═════ GIVEN INFORMATION
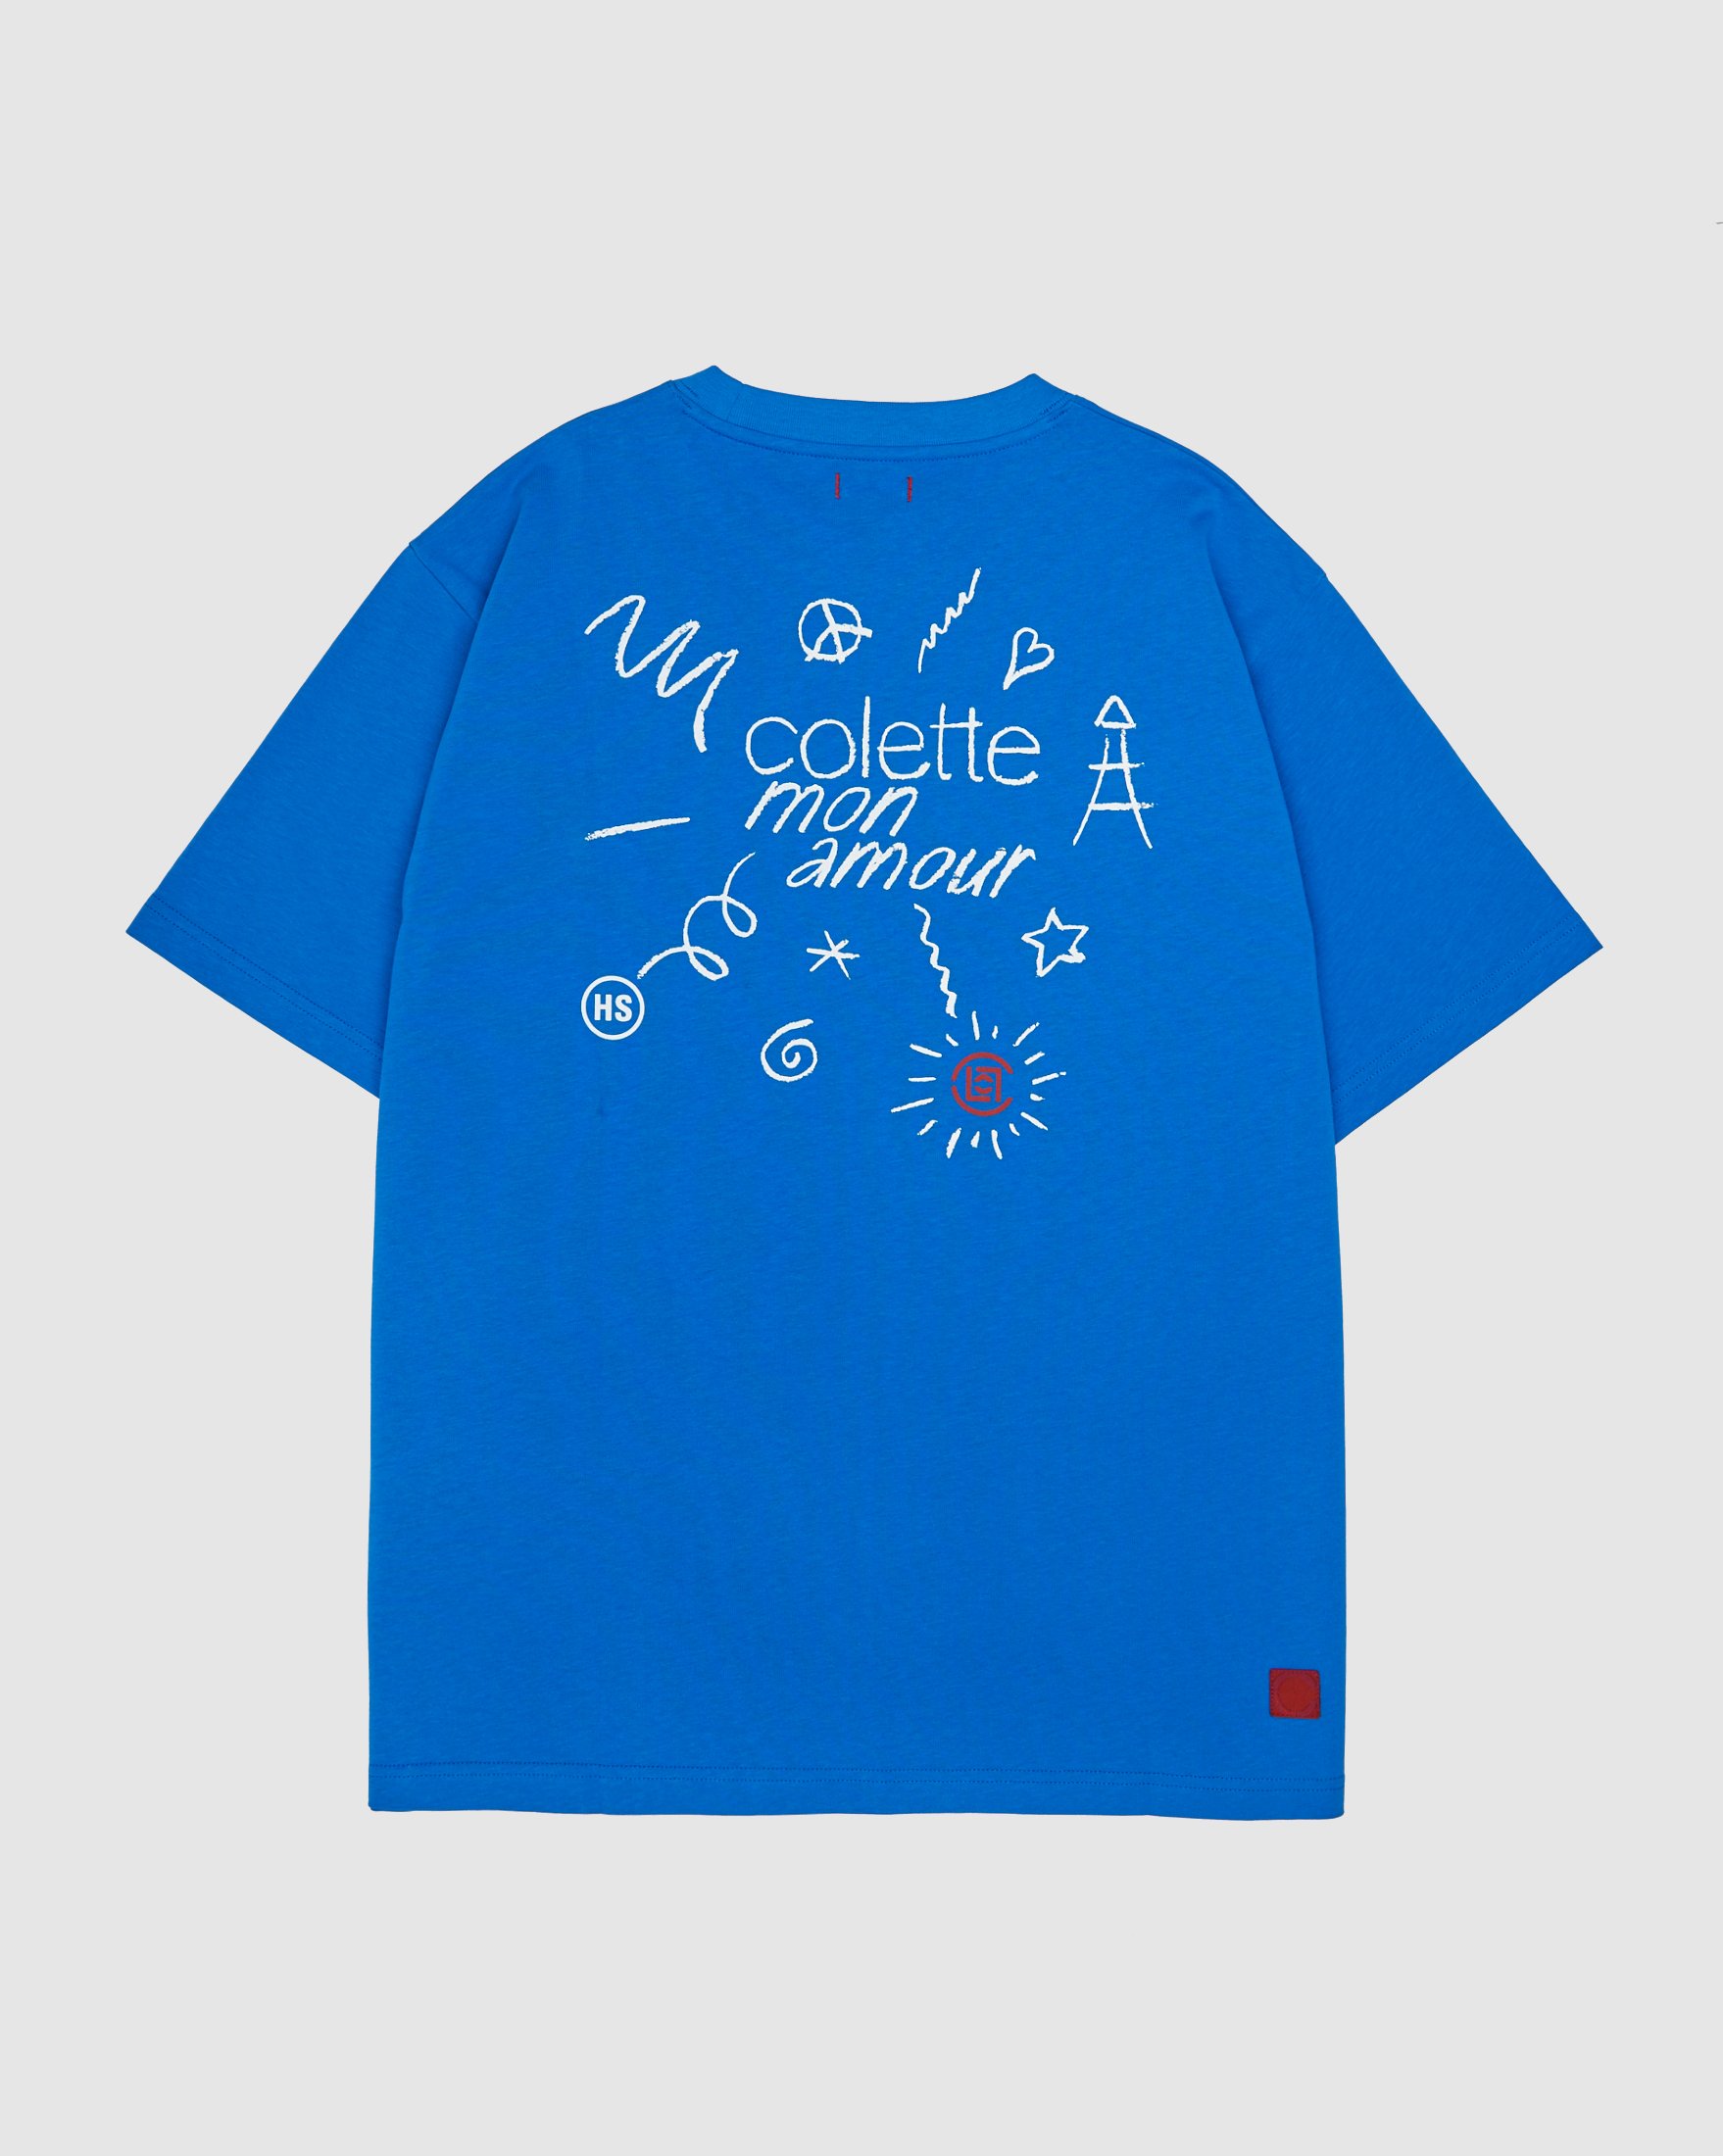 Colette Mon Amour - CLOT Blue T-Shirt - Clothing - Blue - Image 1
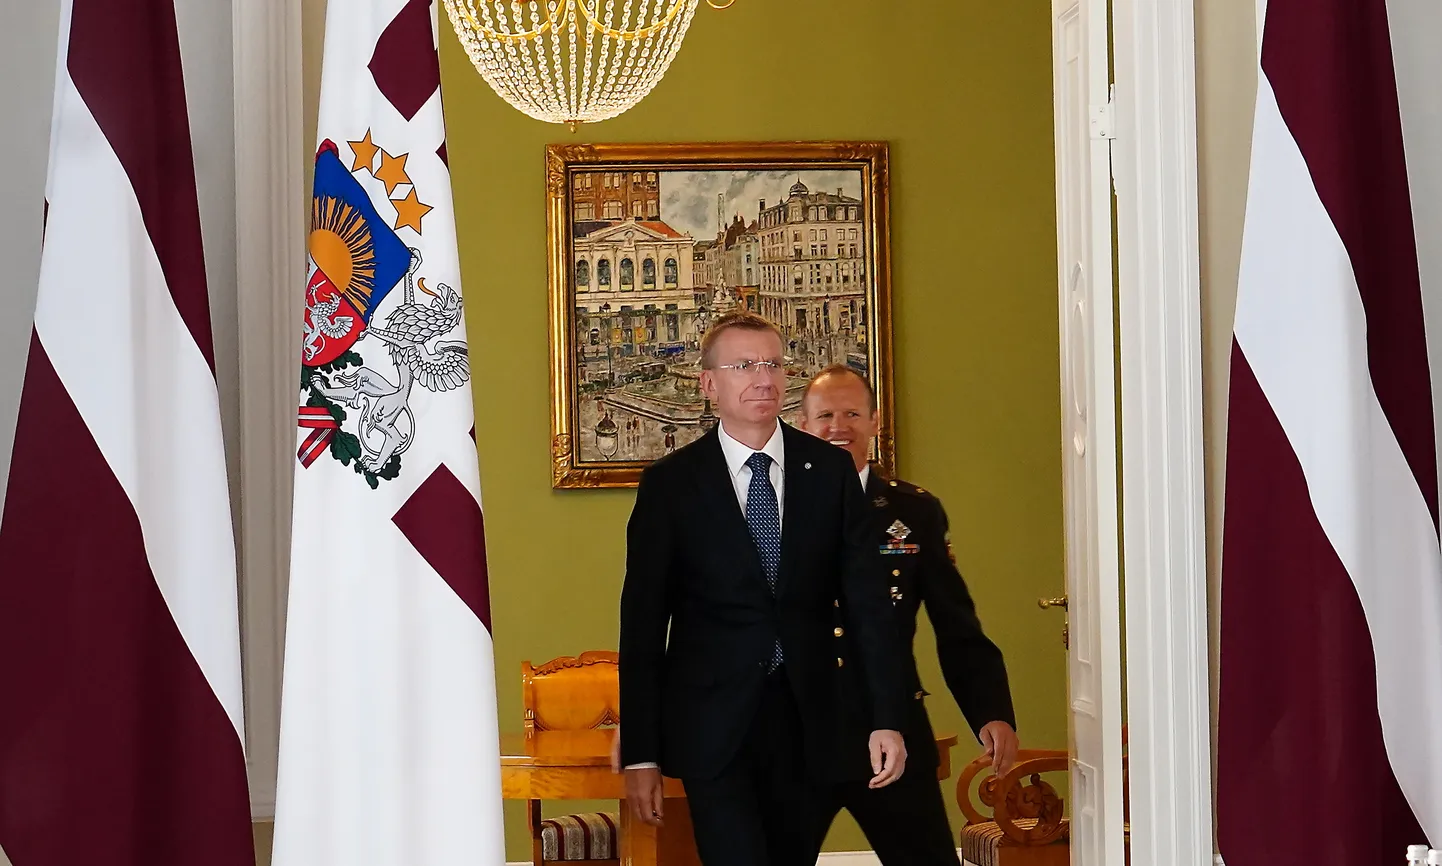 Valsts prezidents Edgars Rinkēvičs tiekas ar Saeimā pārstāvētajiem politiskajiem spēkiem, meklējot iespējas izveidot plašāku jauno koalīciju pēc Krišjāņa Kariņa valdības krišanas.
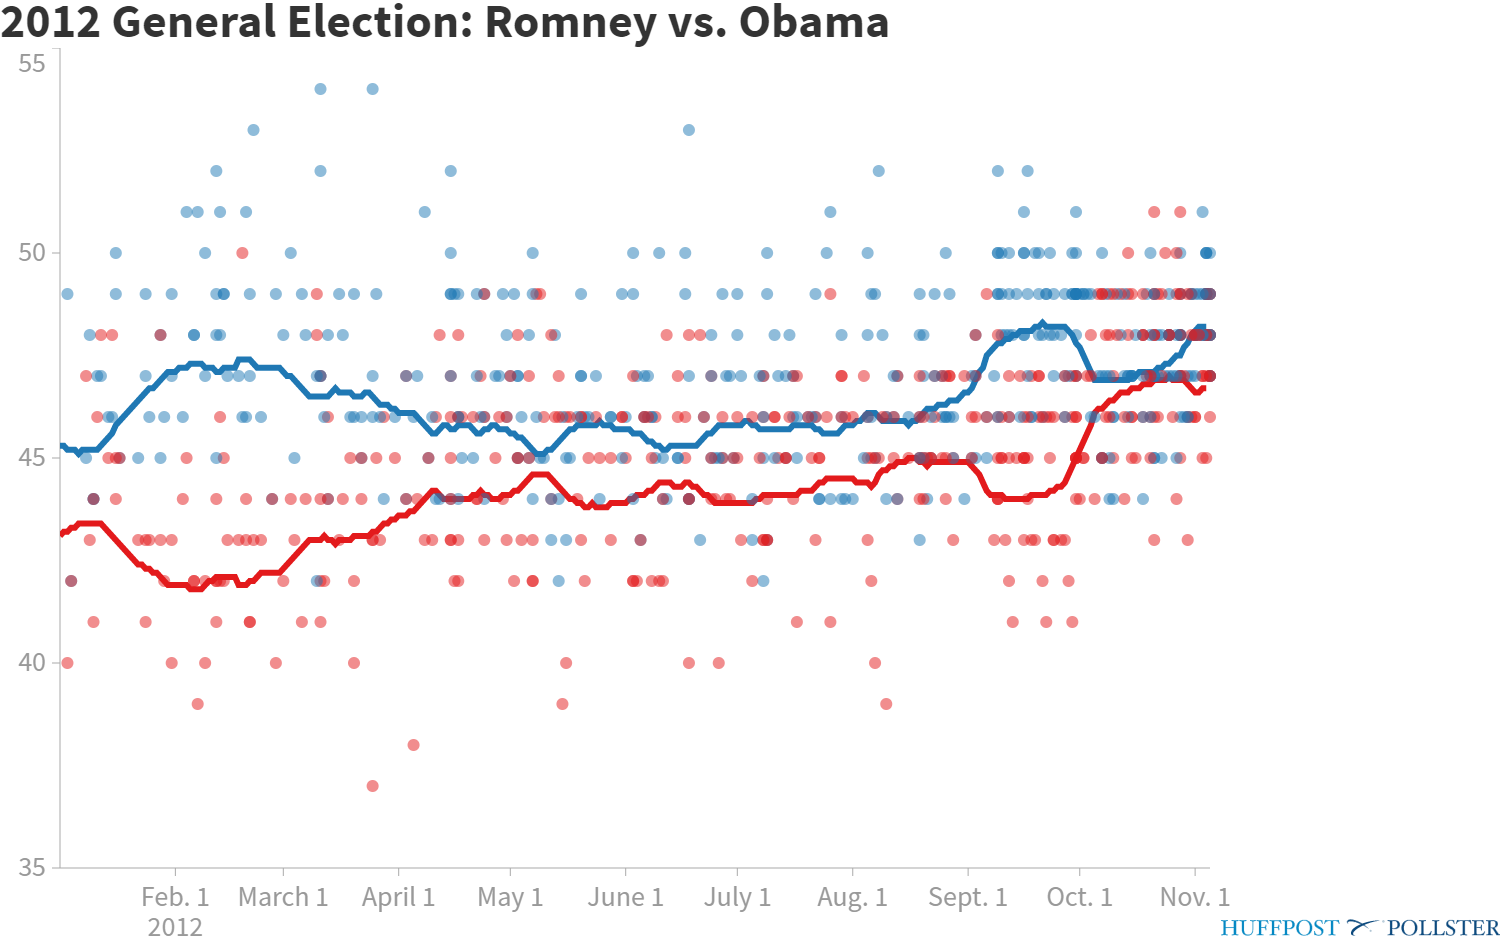 pollster-2012-general-election-romney-vs-obama.png
══════════
(ACTIVITY)
Without including any picture, write out the material above exactly.

(RESPONSE TO THIS TASK)
 Colette Mon Amour - CLOT Blue T-Shirt - Clothing - Blue - Image 1
 Valsts prezidents Edgars Rinkēvičs tiekas ar Saeimā pārstāvētajiem politiskajiem spēkiem, meklējot iespējas izveidot plašāku jauno koalīciju pēc Krišjāņa Kariņa valdības krišanas.
 pollster-2012-general-election-romney-vs-obama.png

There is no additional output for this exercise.